The former I agree with. The latter could be talking about every player at every game in this era. The diving, the yelping in pain, the rolling around, there is much more cheating these days and many more goals (penalties/free kicks) won by cheating than there were back then. Wasn't his fault that the ref and linesman were blind (or paid off.) He did what all of today's footballers do. Try to win by any means and then pass it off as normal or nothing afterward. Managers of those players are no different. They might say they will reprimand the player but the players do it again the next game. All about results.

Exactly.
Going to guess here, but in all of Shilton's 1000+ games, did he ever tip the ball over the bar only for the ref to give a goal kick and Shilton rush up to ref and say "no ref, that should have been a corner", or did Shilton ever bring a forward down and the ref give nothing, and Shilton then plead that it should have been a penalty?
Of course he never did.

All players get away with decisions frequently and in fact if they ever tried to own up and correct the ref, they'd most likely never get spoken to again by their teammates or picked again by their manager.

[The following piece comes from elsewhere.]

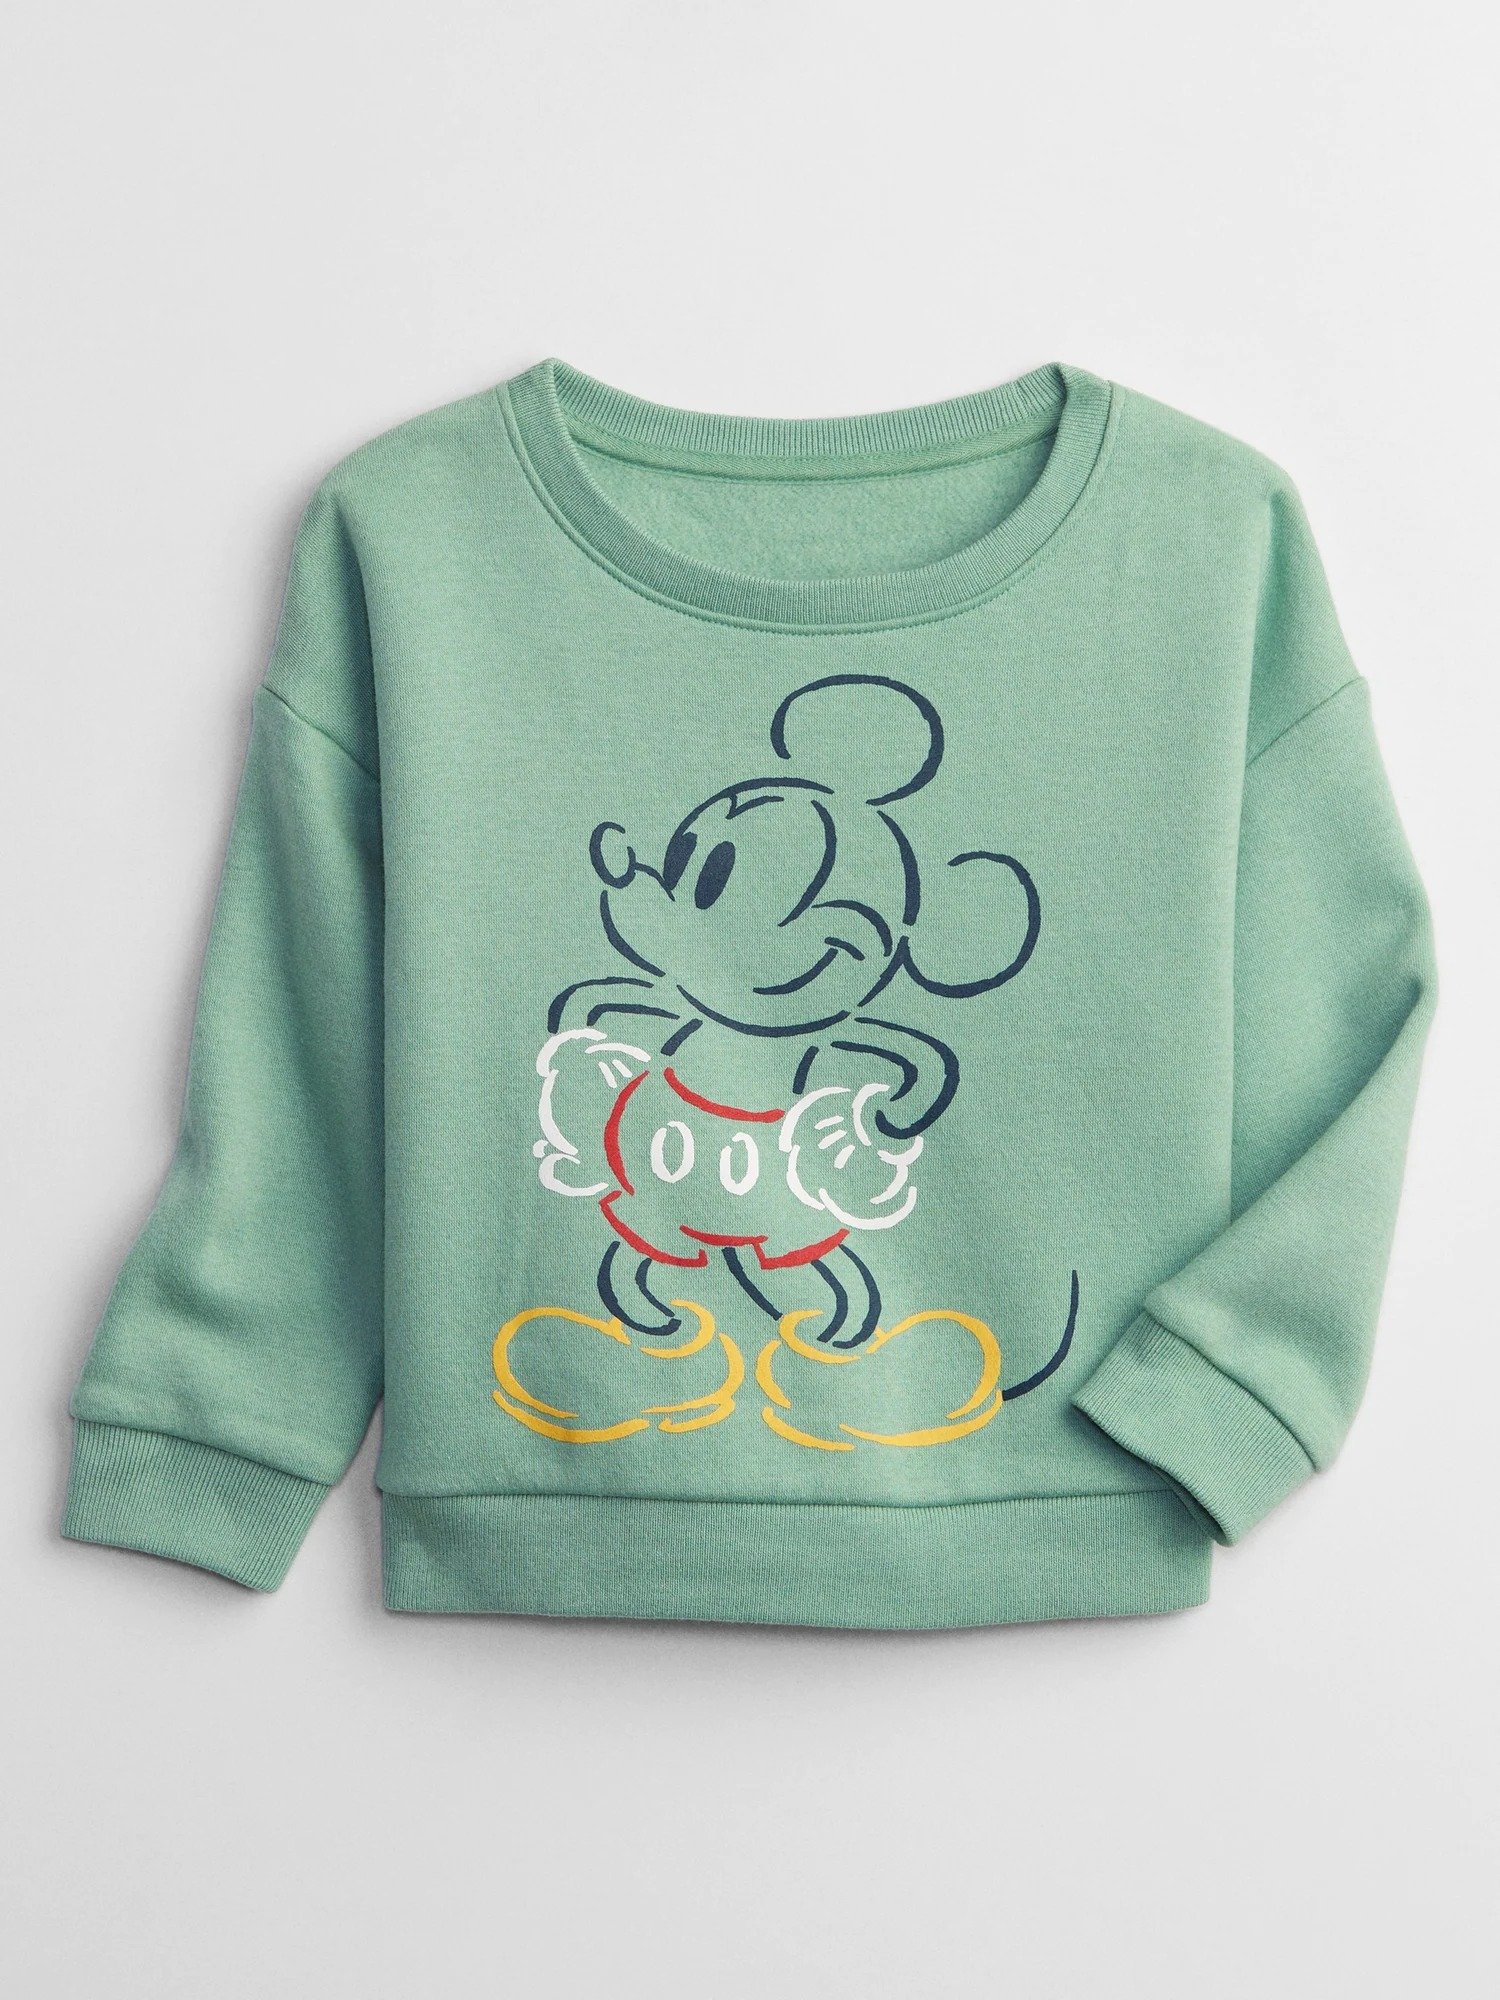 Disney Mickey Mouse Bisiklet Yaka Sweatshirt product image

The hand of god goal was entirely down to the ref and linesman missing an obvious handball.
 
Unliked outside his homeland? Tell that to Naples in a state of mourning, or the Scots!

If he was yours I imagine he was pretty much the best thing ever.

An absolute hero in Scotland and still sung about by the Tartan Army at every Scotland game. He in turn loved Scotland. He scored his first goal for Argentina at Hampden and when he had his spell managing his country, he went back to Hampden for his first game.
Viva Escocia, he also said.
Top guy.
 
There's always one exception.

Back in the 1970s there was an incident fairly well-known at the time concerning Crystal Palace midfielder Steve Kember who recalled it afterwards:

"The ball hit a defender and went outside the post, so I threw it for a corner, only for the referee to give a goal. We all went back to the centre circle with Forest players protesting, but the referee finally asked me if it was a goal and I said it wasn't."
 
Just read that Paolo Rossi has passed away today. He was a top striker in that Italy 82 side. Only 64.
 
Just read that Paolo Rossi has passed away today. He was a top striker in that Italy 82 side. Only 64.

Stunning World Cup in 82 for Rossi but like Maradona, off field problems, in Rossi's case corruption etc, not that he was alone in that, especially in Italian football.
(And English football very much not exempt from match fixing issues by the way) (and we've had that very close to home ourselves of course with our erstwhile captain, Mr Facey et al).